» **Input data**
====================
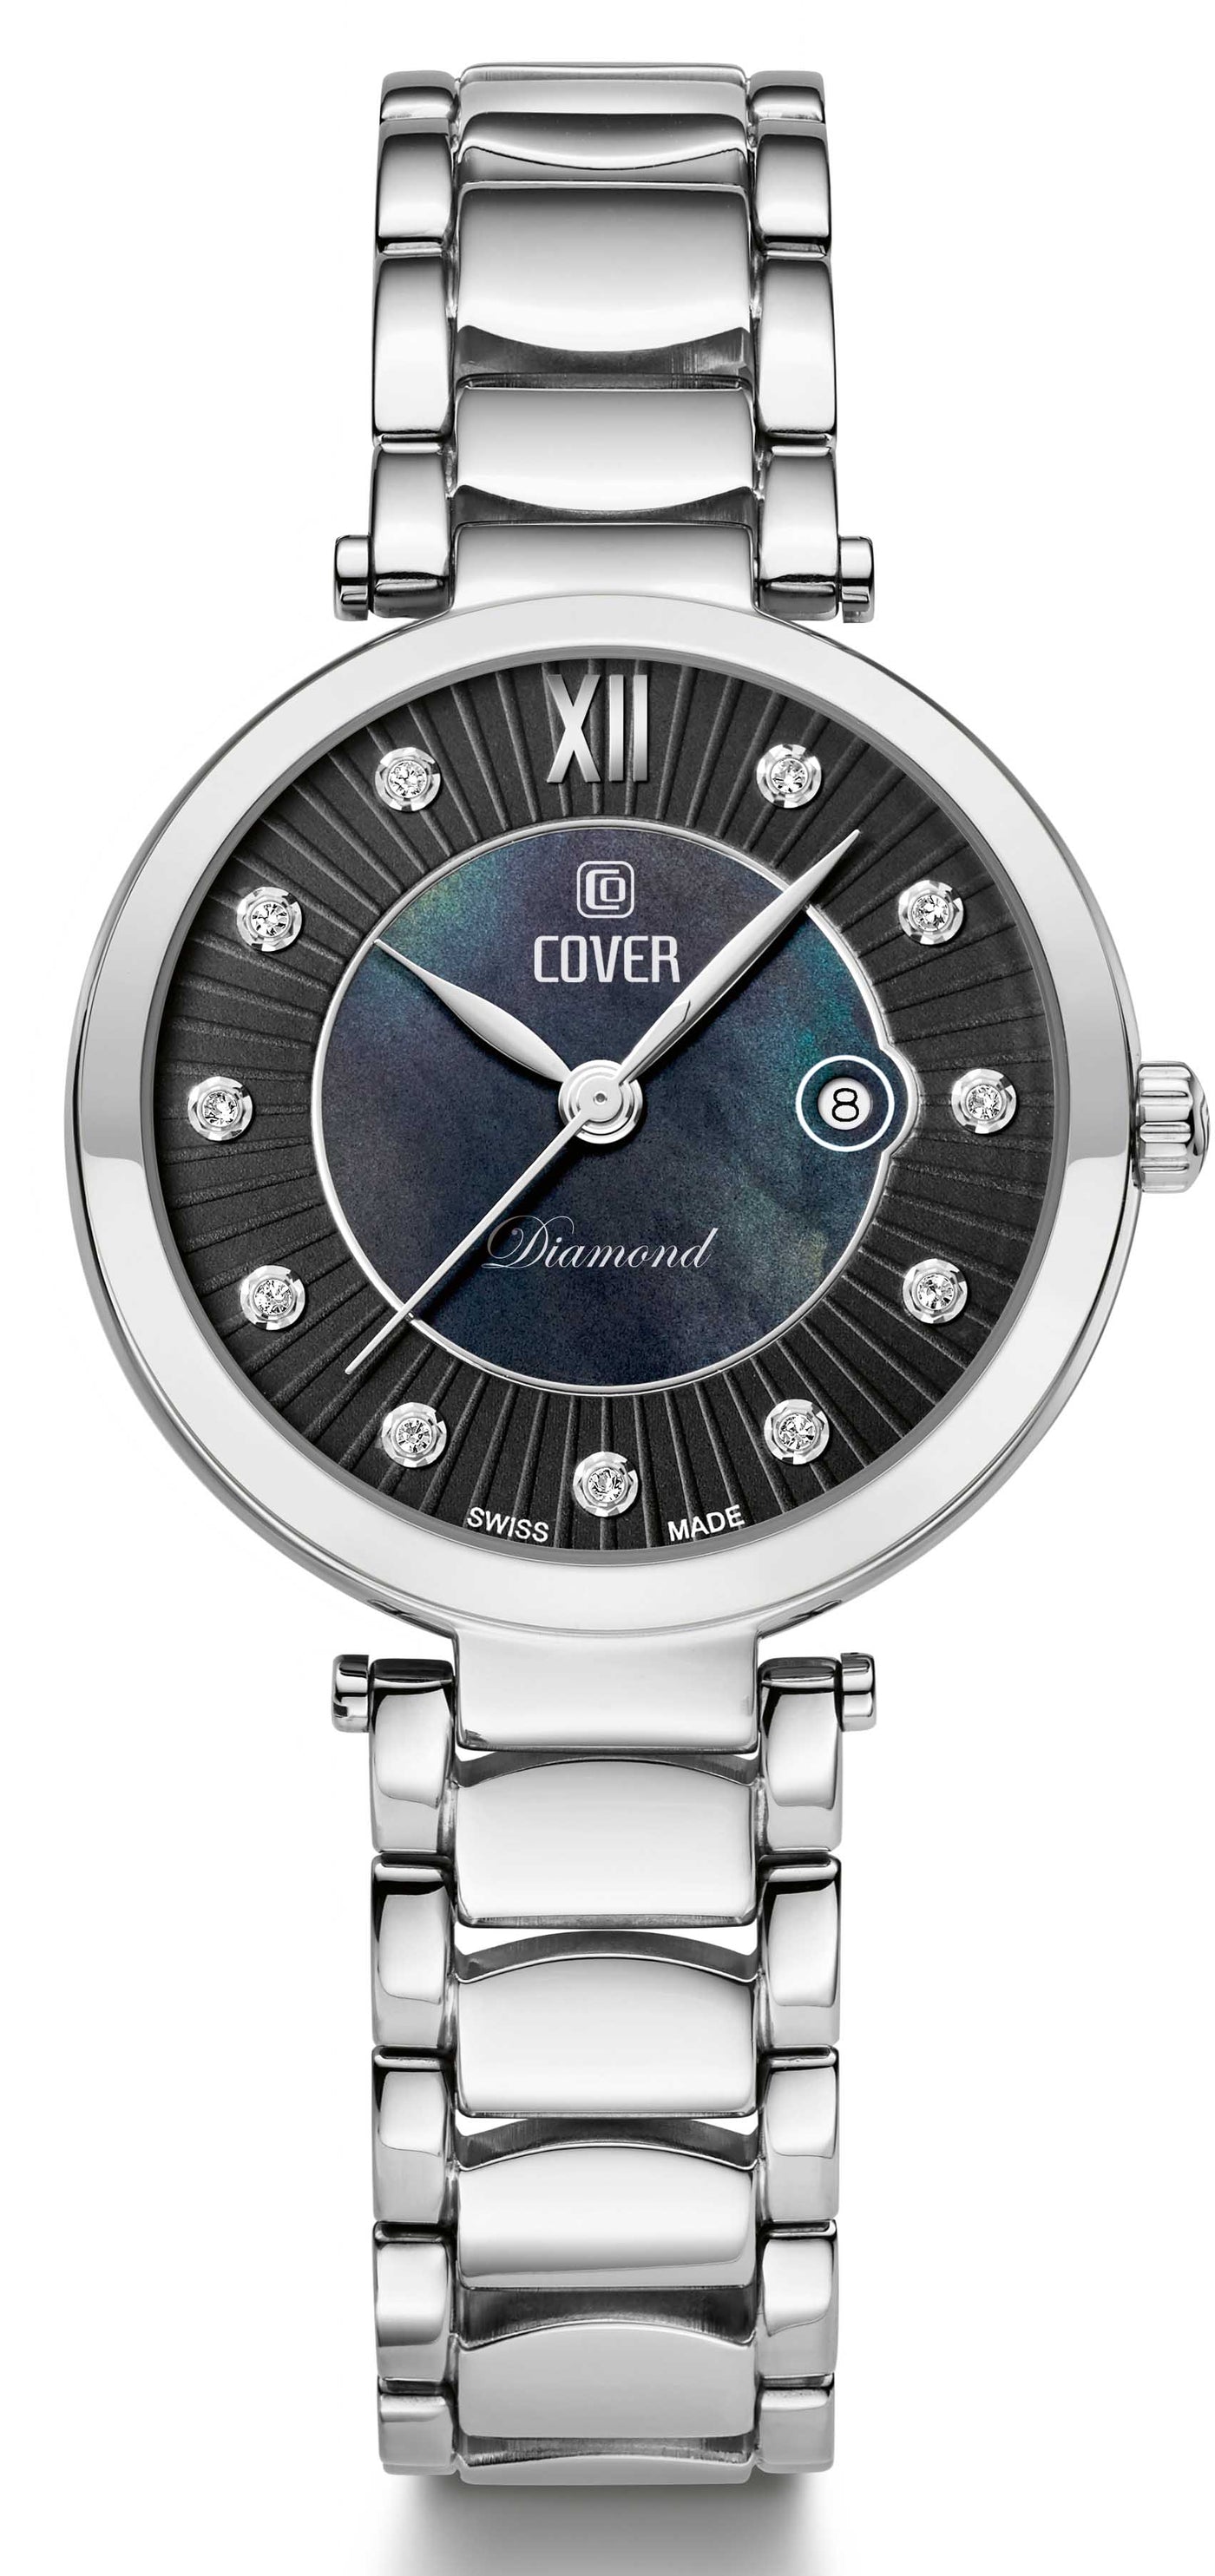 COVER LADY DIAMOND LIMITED EDITION CO188.01 WOMEN WATCH
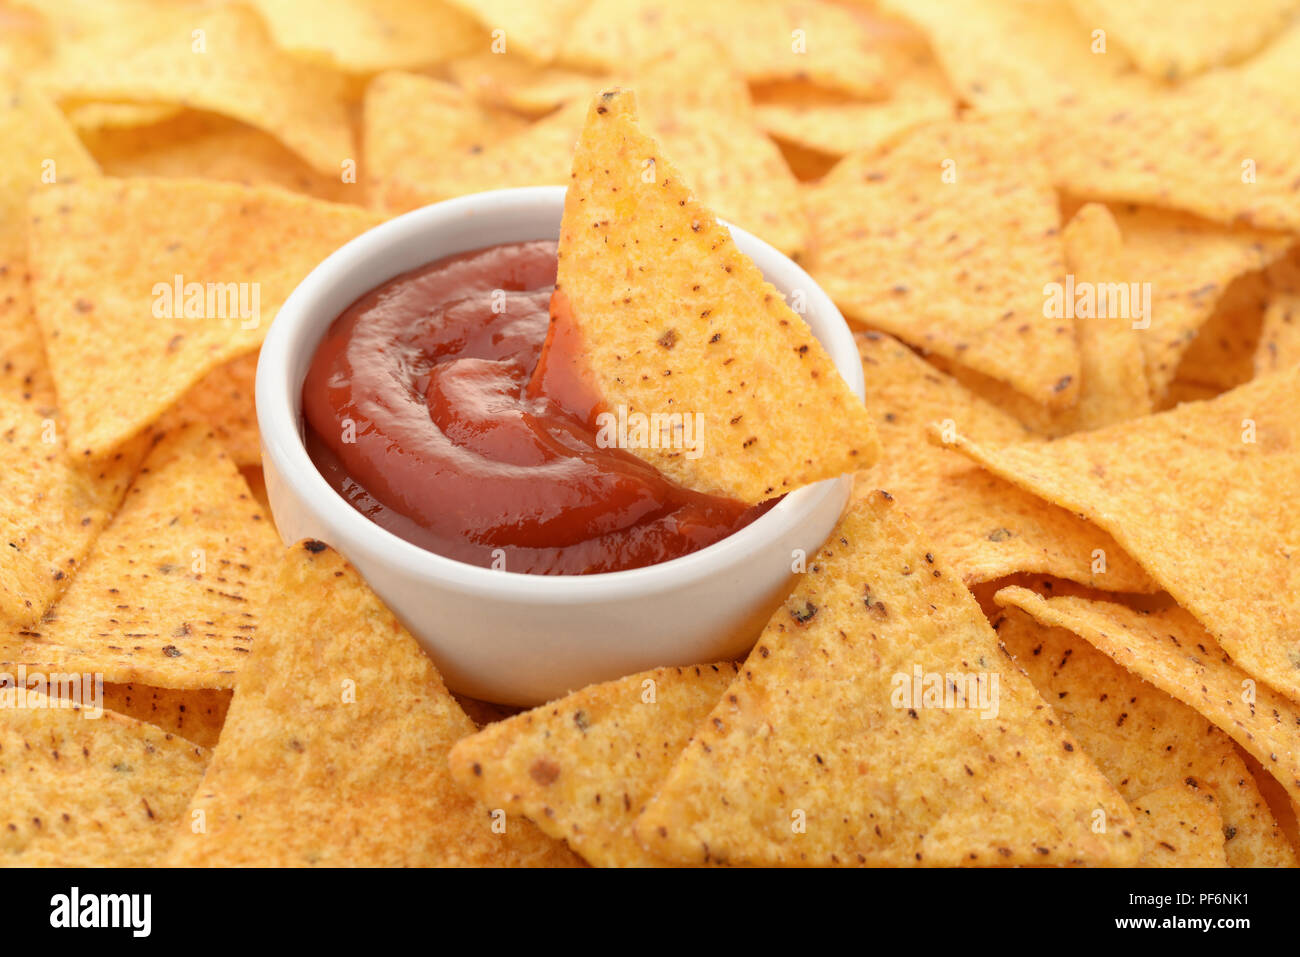 Close up of nacho chips and tomato dip sauce Stock Photo
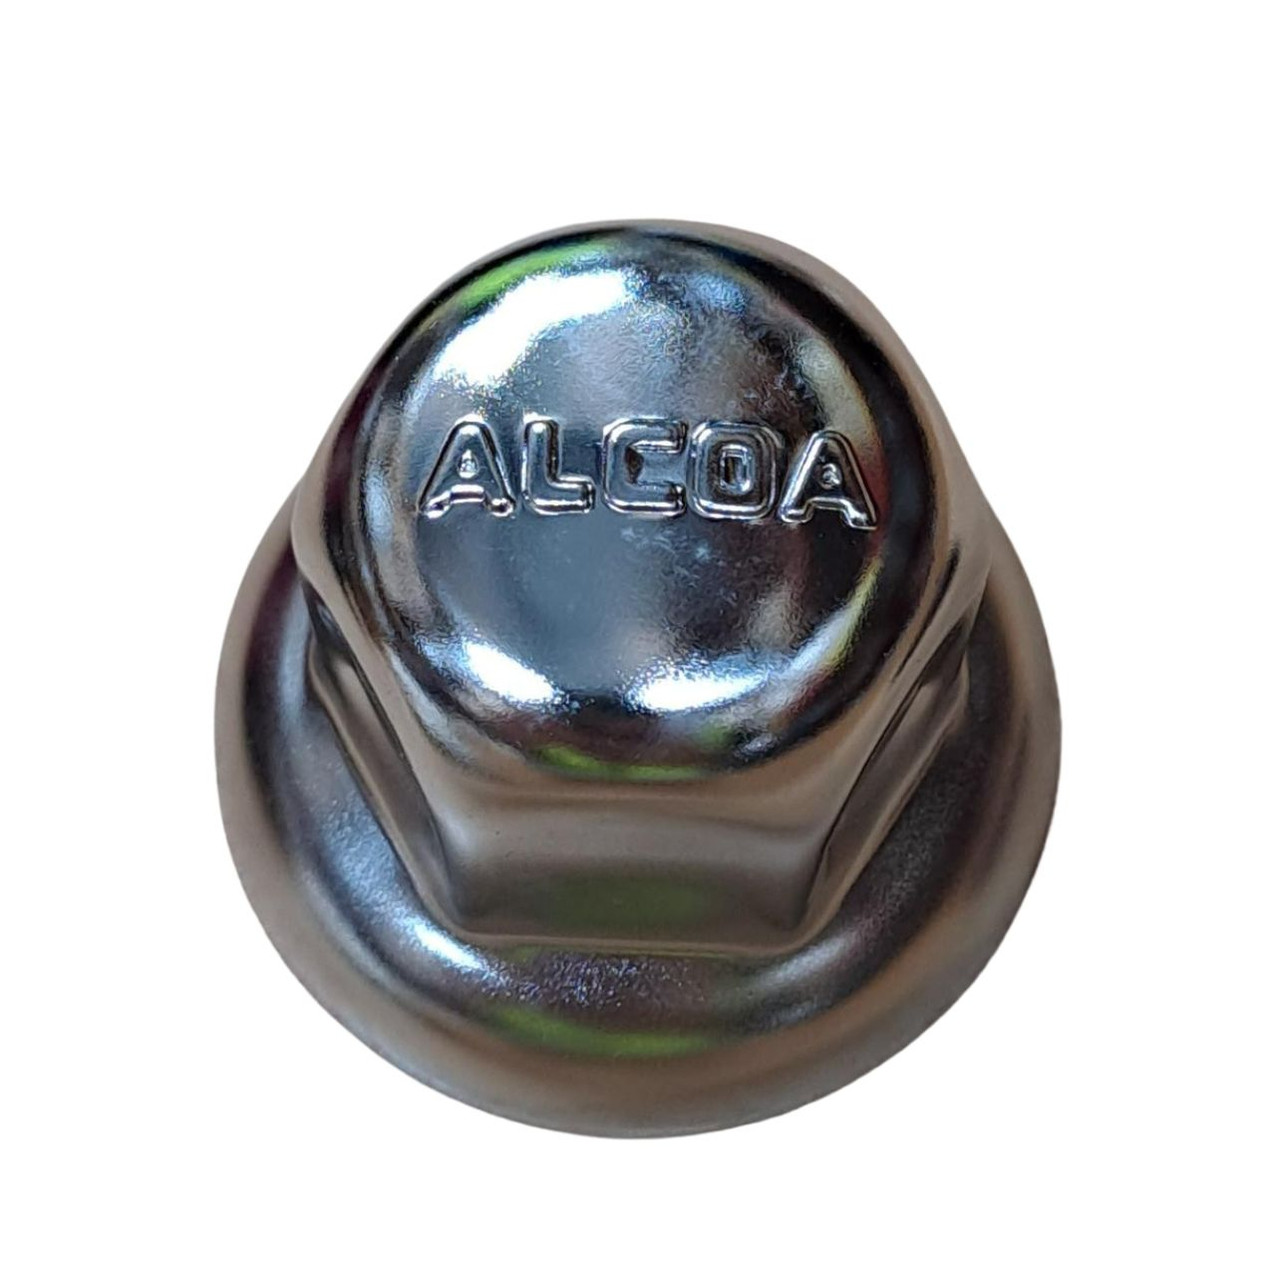 Wheel Nut Covers: Alcoa® Genuine Wheel Nut Covers - Stainless
====================
» **Required action**
Return the data exactly. Do not carry over any images.

» **Task output**
 COVER LADY DIAMOND LIMITED EDITION CO188.01 WOMEN WATCH
 Close up of nacho chips and tomato dip sauce Stock Photo
 Wheel Nut Covers: Alcoa® Genuine Wheel Nut Covers - Stainless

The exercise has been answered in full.